Sins against the Holy Spirit and against God are the same; and thus you might learn that in every operation the Spirit is closely conjoined with, and inseparable from, the Father and the Son. God works the differences of operations, and the Lord the diversities of administrations, but all the while the Holy Spirit is present too of His own will, dispensing distribution of the gifts according to each recipient’s readiness

Saint Basil On the Holy Spirit

See also SaintsAnglican, Orthodox

Love

It is perhaps our usual assumption that we exist first, and then that we love. But let us imagine that our existence depends on our relationship with those we love. The more we love, or the more we are loved, the more existence or reality we acquire.

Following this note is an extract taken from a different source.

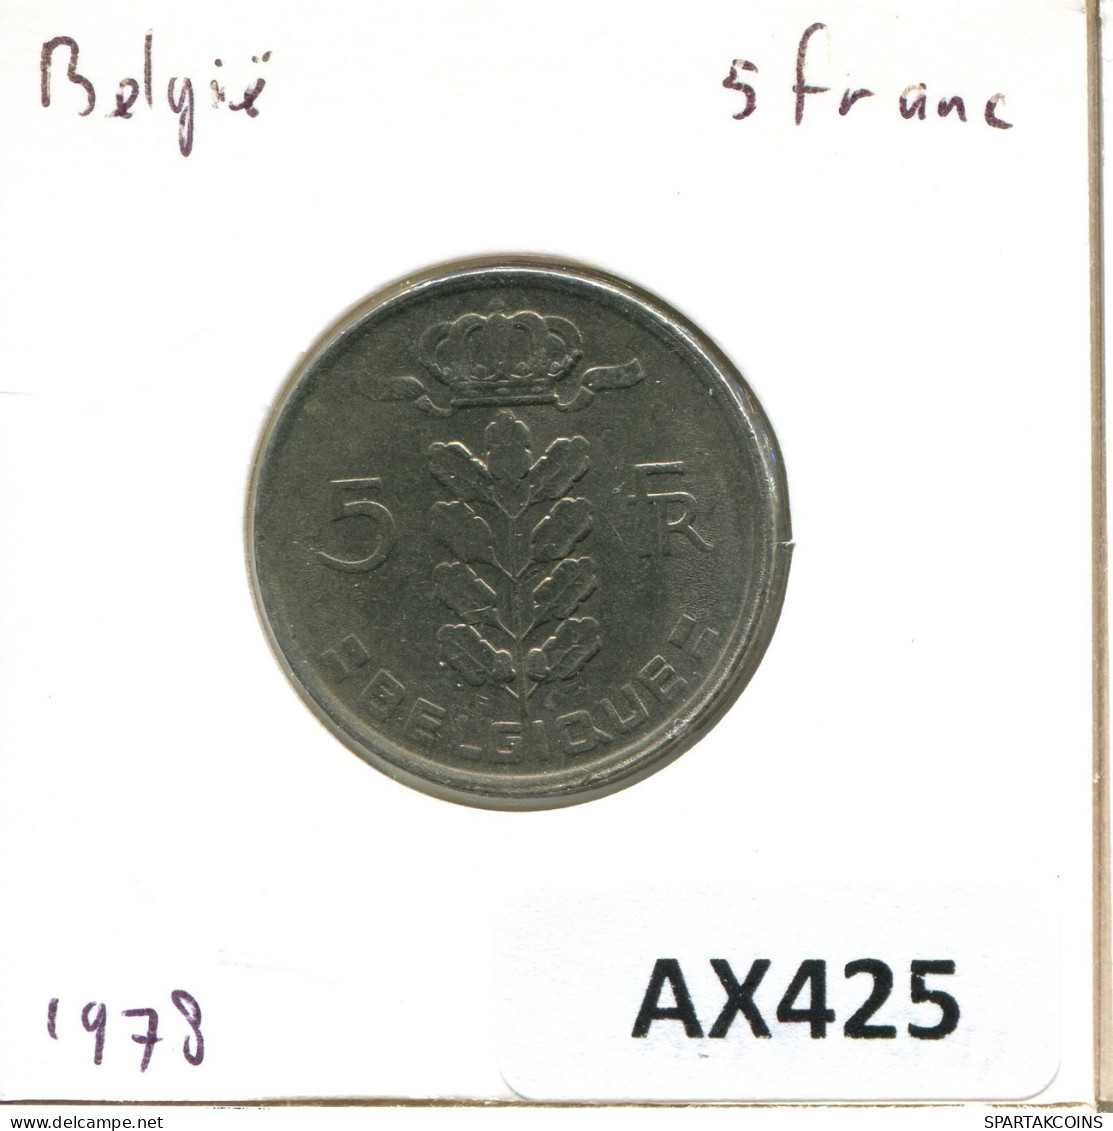 5 FRANCS 1978 BELGIUM Coin FRENCH Text #AX425.U.A - 5 Francs

Our being derives from the company of those who love us, and if they begin to love us less, we begin to disappear. Love is not a passion or emotion. Love is communion, made up of those relationships that give us our existence. Only love can continue to sustain us when all the material threads of life are broken and we are without any other support. If these threads are not reconnected we cease to exist; death is the snapping of the last thread. Love, or communion with other persons, is stronger than death and is the source of our existence. That ‘God is love‘ means that God is the communion of this holy trinity. God the Father would lose his identity and being if he did not have the Son. If we took away the communion of the trinity to make God a unit, God would not be communion and therefore would not be love.

John Zizioulas Lectures in Christian Dogmatics

The rule of Christ

When we refer to the remembering of the future we part ways with the whole Western intellectual tradition. The Church confesses that Holy Spirit brings the future breaking in to history. Our kingdoms are founded on opposition to one another, each kingdom is in competition with every other. The peace of God, sustained by the rule of God, breaks into the conflict of all partial kingdoms. The Holy Spirit invades the territory we hold against all others, and brings us into the rule and the peace of God. ‘In these last days, I shall pour forth from My Spirit, upon every flesh.’ The Spirit brings all other rules and kingdoms, under the rule of Christ which brings the peace of Christ by which all things are reconciled and made peaceful. Christ brings the rule and peace of God into history. Pentecost is the fulfilment of all times.

Though many Christians assume that Pentecost and the Holy Spirit illuminate them personally, enabling them to grasp the events of history and so grow in knowledge of Christ, but this is only a partial understanding. The Spirit carries us into a new and much larger dimension, in which we are freed of all the various confinements that hold us within our individual histories or the histories of our nation or social group. The Spirit draws us into the vastly larger dimensions given by the future, in which we are free to be fully present to one another, each of us to all others without limit. The life the Holy Spirit gives us is not divided, but all at once, so for the first time we may live simultaneous to one another, in communion not delimited by space or time.